:: INFORMATION SHOWN ::
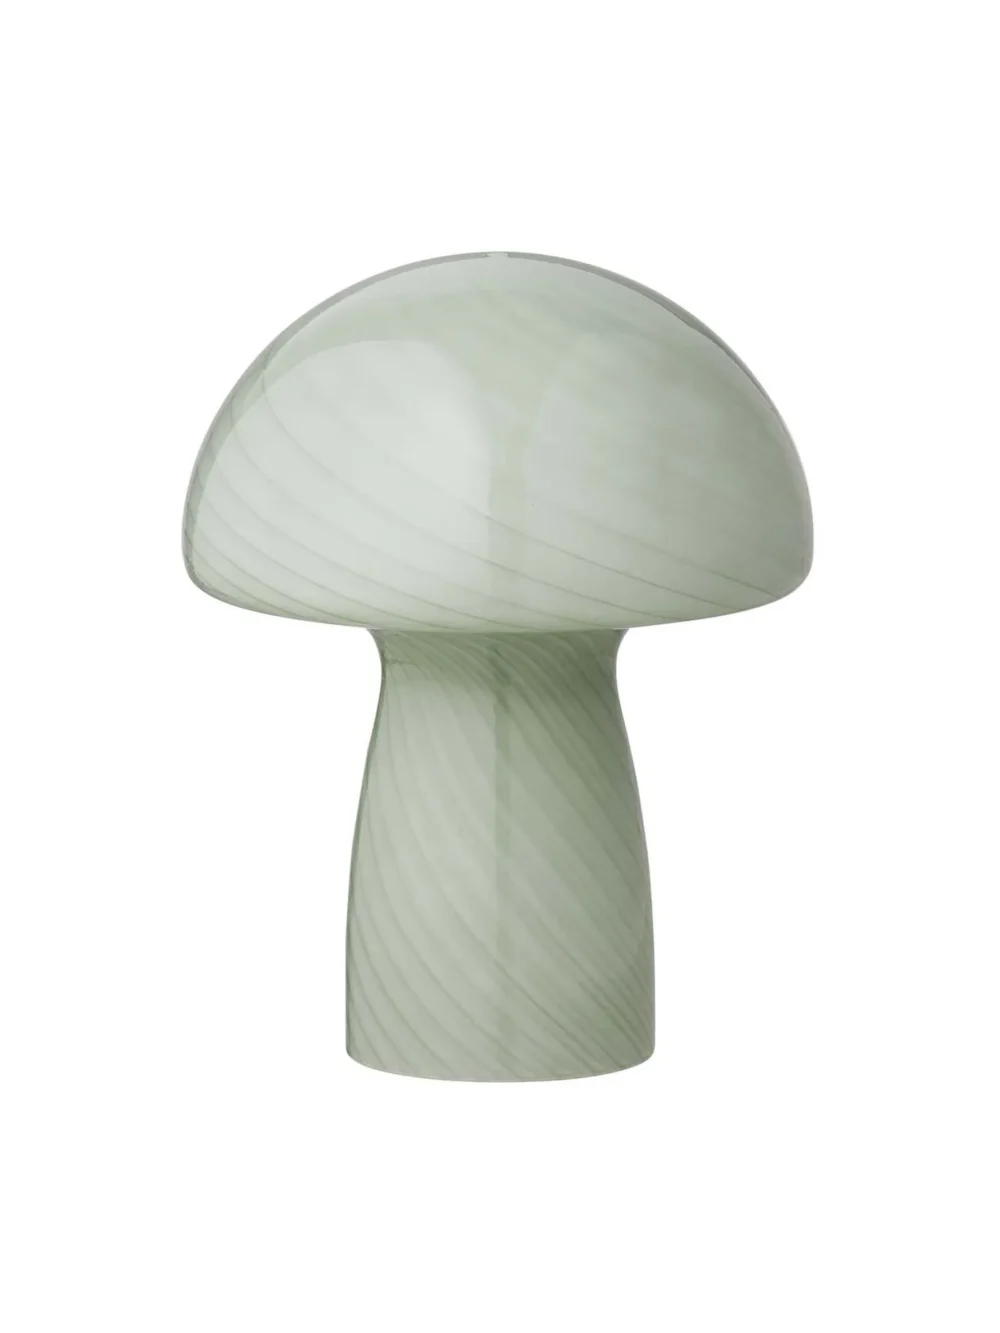 mintgrøn mushroom, mushroom lampe fra bahne,bordlampe, stor mushroom, lille mushroom
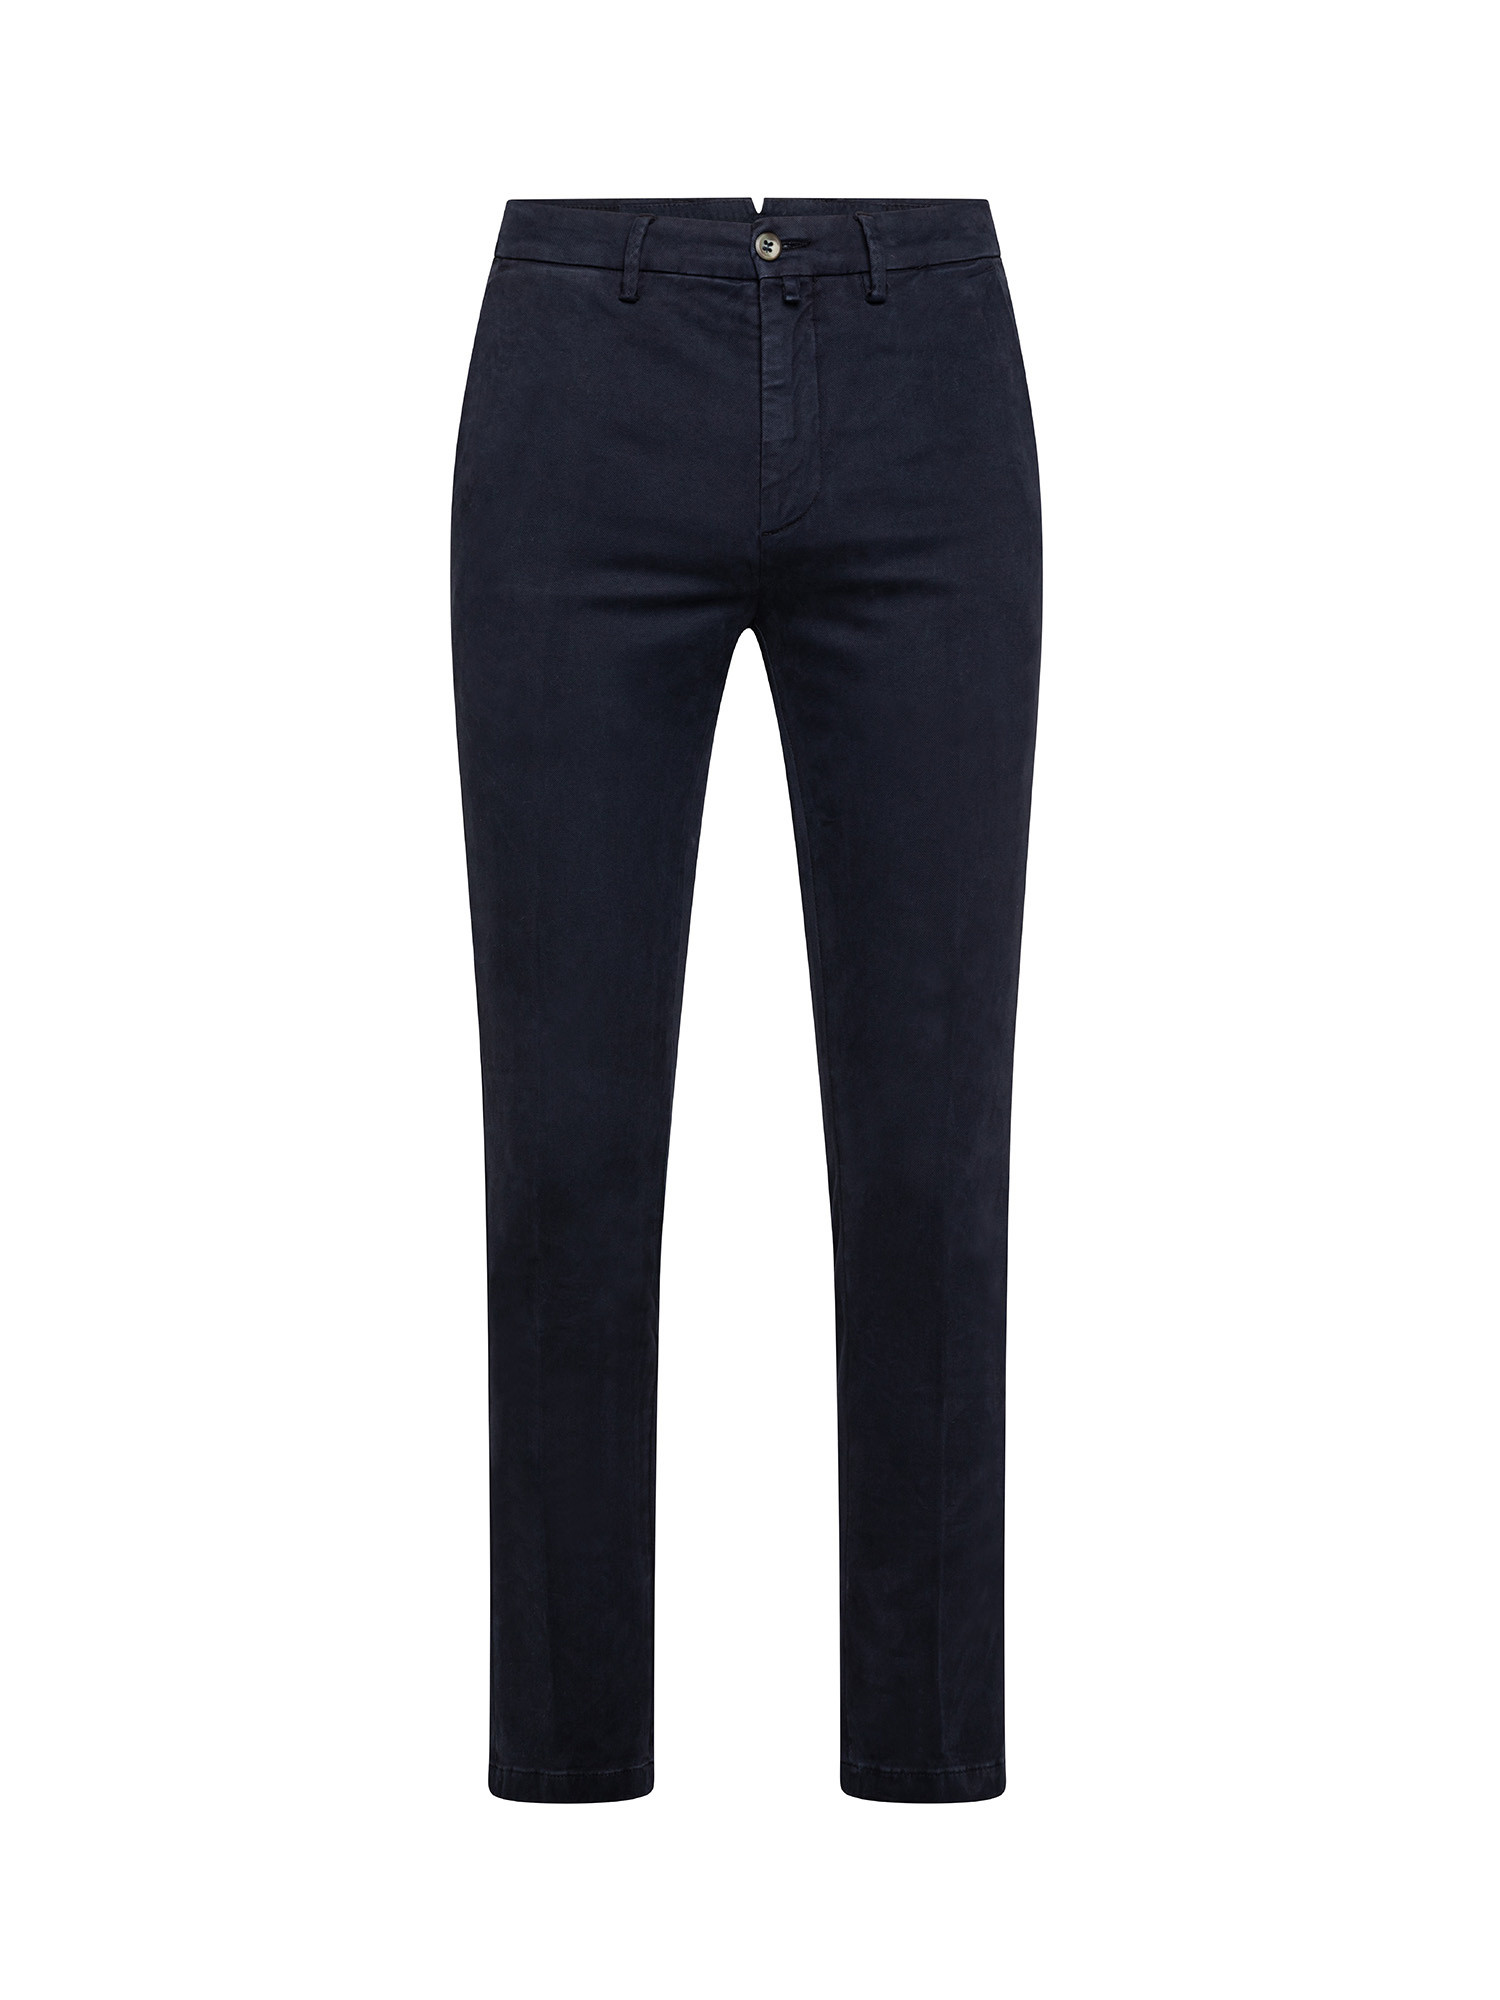 Pantaloni chino, Blu, large image number 0
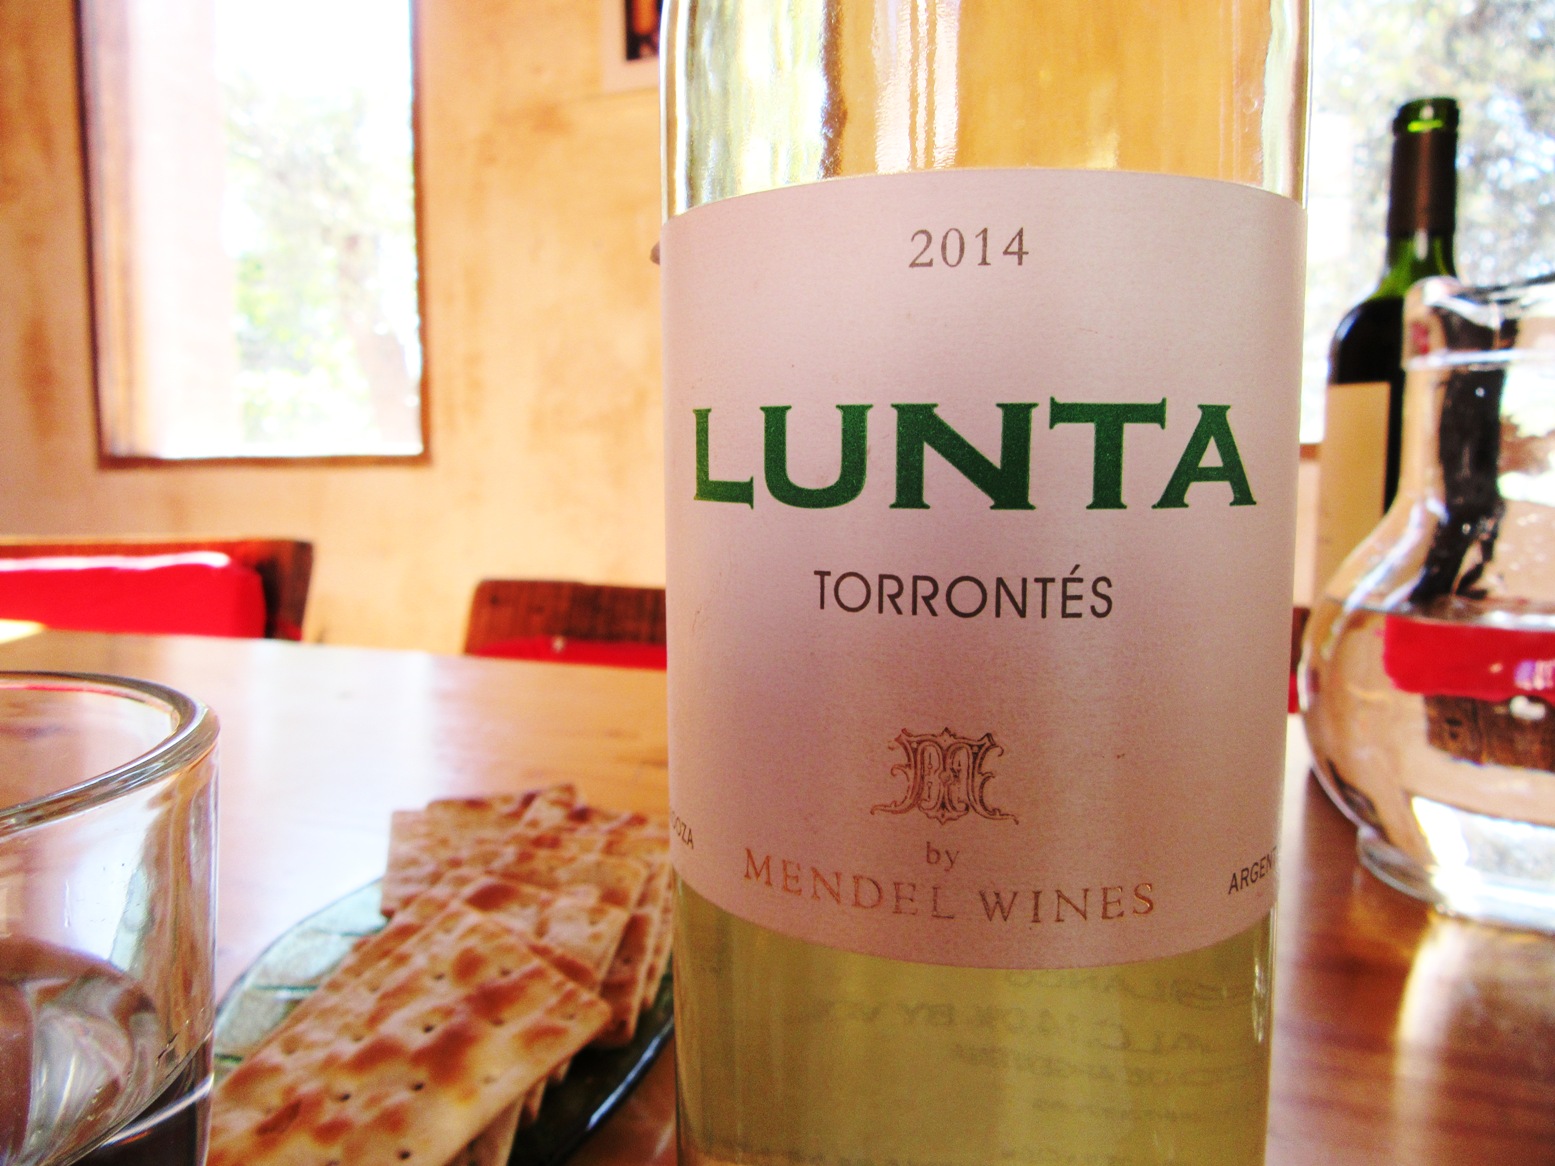 Mendel Wines, Lunta Torrontés 2014, Cafayate, Salta, Argentina, Wine Casual

:: WHAT IS BEING ASKED ::
The listing above is to be set down word for word, without its images.

:: YOUR SOLUTION ::
 mintgrøn mushroom, mushroom lampe fra bahne,bordlampe, stor mushroom, lille mushroom
 Pantaloni chino, Blu, large image number 0
 Mendel Wines, Lunta Torrontés 2014, Cafayate, Salta, Argentina, Wine Casual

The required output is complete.